# Insulating basement slab with radiant heat.



## CENTERLINE MV (Jan 9, 2011)

Does anybody out there have a good solution for insulating the edges of a radiant slab where there will be garage door openings? I'm putting down 2" polystyrene under the slab and around the perimeter of the foundation walls. But, what about the edge of the slab in the door openings? I have a 25' opening and a 9' opening. Is there a good way to insulate this edge without having any exposed insulation in the doorway? 

I was considering installing 2" of foam and having 2" of concrete over it to at least buffer the thermal loss, but I'm concerned the concrete will crack since there's likely heavy equipment that'll be coming through the doors (skid steers).


----------



## donerightwyo (Oct 10, 2011)

I would just use a piece of expansion as a thermal break. I would be nervous about the 2" breaking out as well.


----------



## CENTERLINE MV (Jan 9, 2011)

I was also thinking a custom made I-beam that sits to the height of the floor with rigid foam secured in the web. That way it's super strong, has almost no thermal break, and the machines can run over it all day long.


----------



## Golden view (Feb 16, 2012)

I've always been amazed this detail is never really addressed, but I've built a few super insulated homes in Alaska and none seemed to have much of an issue arise from essentially have a heated slab edge out in the cold. They always burned fuel close to the calculated rate.

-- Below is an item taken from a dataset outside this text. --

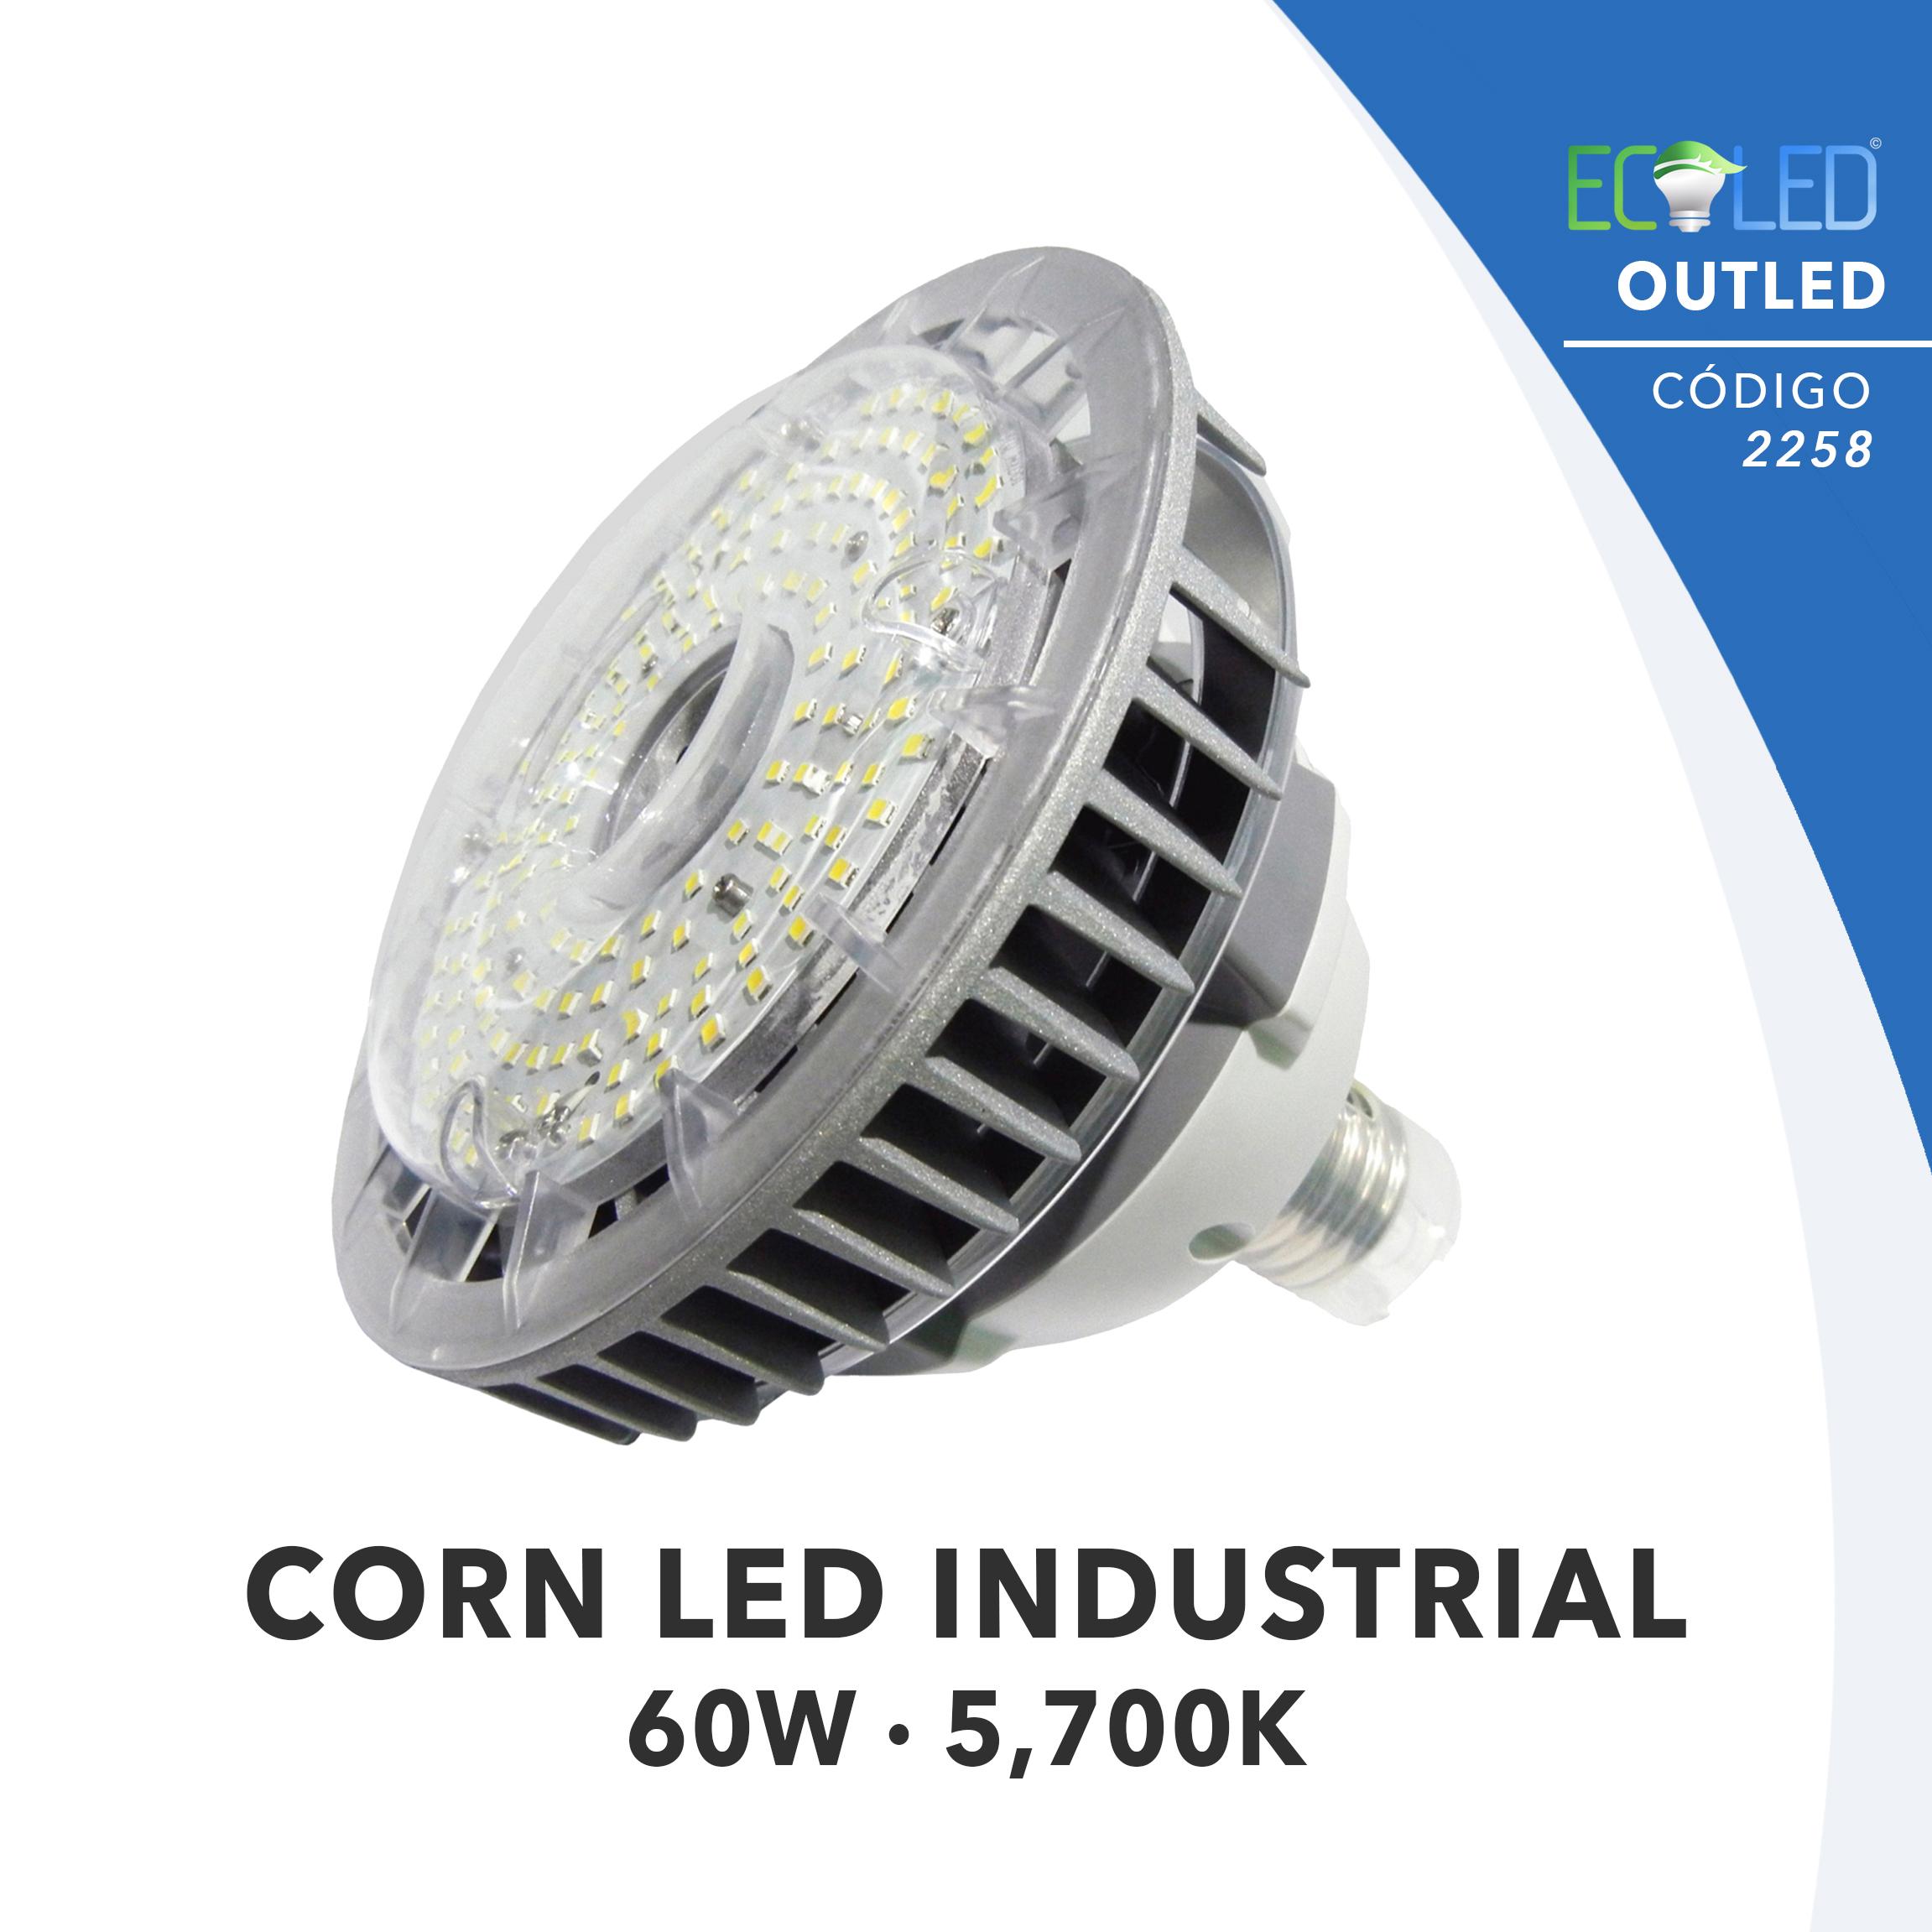 2258 · CORN LED INDUSTRIAL-60W-57K

The edge at the door would always get foam cut at a 45 degree angle and held just below grade. I'm more worried about the top of the slab that's exposed.

My only simple thought to make it better is to not form the slab straight across at the door to have less exposed surface area. With OHDs mounted inside and a thick wall, you might have 12"+ of exposed concrete the length of the door.


----------



## CENTERLINE MV (Jan 9, 2011)




----------



## Texas Wax (Jan 16, 2012)

My understanding is that a thermal break/expansion jiont in those areas are a good solution. The thermal mass of the slab, insulated under retains a large amount of heat and easily offsets a minimal heat loss. Putting a conducting material such as steel or running concrete to concrete is less effective. Allowing the heat to easily travel outside the building envelope, creating a more significant heat loss.


----------



## CENTERLINE MV (Jan 9, 2011)

Texas Wax said:


> My understanding is that a thermal break/expansion jiont in those areas are a good solution. The thermal mass of the slab, insulated under retains a large amount of heat and easily offsets a minimal heat loss. Putting a conducting material such as steel or running concrete to concrete is less effective. Allowing the heat to easily travel outside the building envelope, creating a more significant heat loss.

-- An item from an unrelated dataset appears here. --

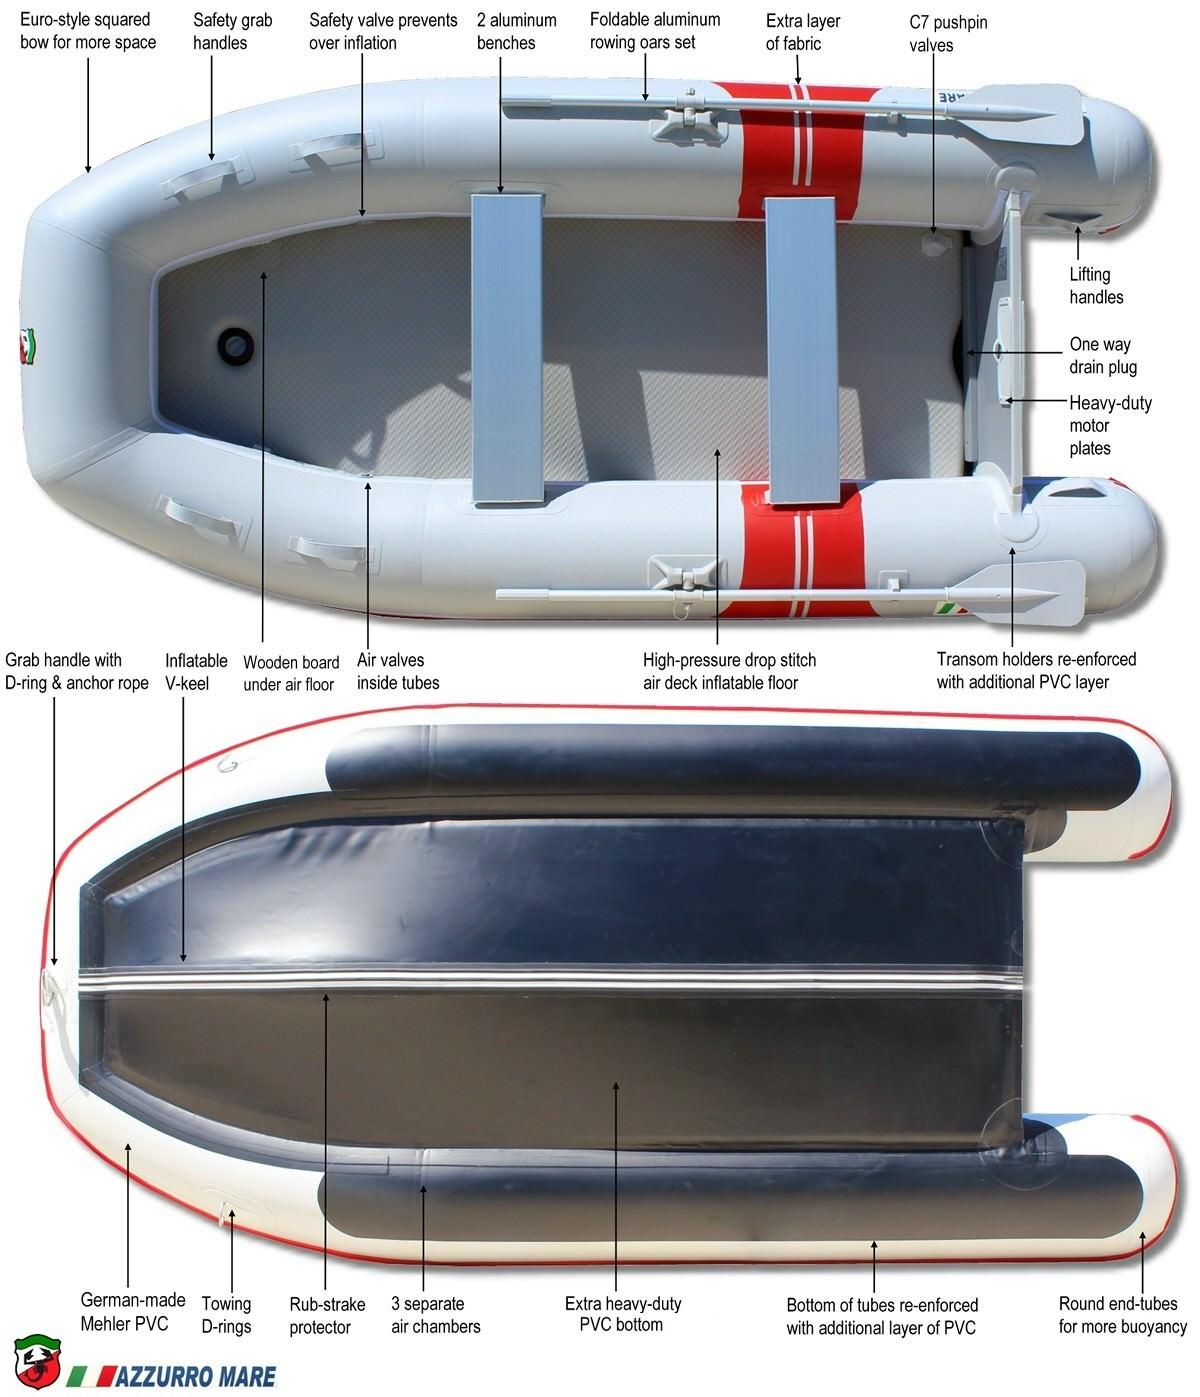 Azzurro Mare Inflatable Boat Specs

Yes, but if the steel is insulated as illustrated in my drawing, there is no significant thermal break.


----------



## Golden view (Feb 16, 2012)

CENTERLINE MV said:


> Yes, but if the steel is insulated as illustrated in my drawing, there is no significant thermal break.

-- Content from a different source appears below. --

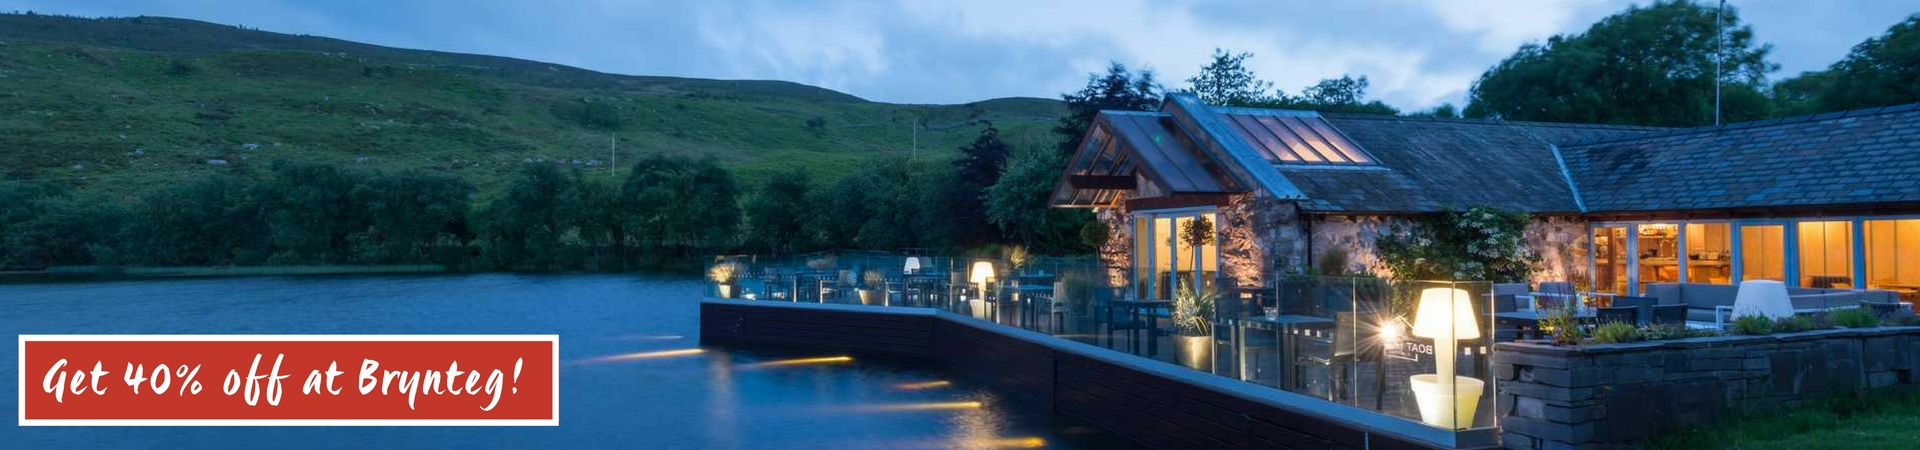 Brynteg Holiday Park in Snowdonia

A lot of heat escapes through the flange in that scenario.


----------



## Philament (Dec 9, 2014)

What's the cross-section of the foundation look like at the garage door? 
Are you pouring and apron in front of the garage or gravel ramp?
Have you poured the slab inside already?


----------



## CENTERLINE MV (Jan 9, 2011)

Golden view said:


> A lot of heat escapes through the flange in that scenario.


I'm thinking about keeping the flange in the conditioned space and pouring a slab outside of the door. The edge of the flange will basically be where the garage door lands. Also, the flange is only 1/4" thick and maybe 2-3" wide so I don't think much of a heat sink regardless.


----------



## CENTERLINE MV (Jan 9, 2011)

Philament said:


> What's the cross-section of the foundation look like at the garage door?
> Are you pouring and apron in front of the garage or gravel ramp?
> Have you poured the slab inside already?


I'll make a sketchup drawing of what I'm thinking & post up l8r... Stay tuned!


----------



## Morning Wood (Jan 12, 2008)

The radiant can be nice for keeping ice away from the garage door seal. I don't really see the problem with your I-beam other than it rotting out over time. Maybe use stainless😄


----------



## CENTERLINE MV (Jan 9, 2011)




----------



## TimNJ (Sep 7, 2005)

I don't like the "I" beam idea.
With you up in MA. bringing in equipment with road salt will spell future disaster for that steel.


----------



## CENTERLINE MV (Jan 9, 2011)

TimNJ said:


> I don't like the "I" beam idea.
> With you up in MA. bringing in equipment with road salt will spell future disaster for that steel.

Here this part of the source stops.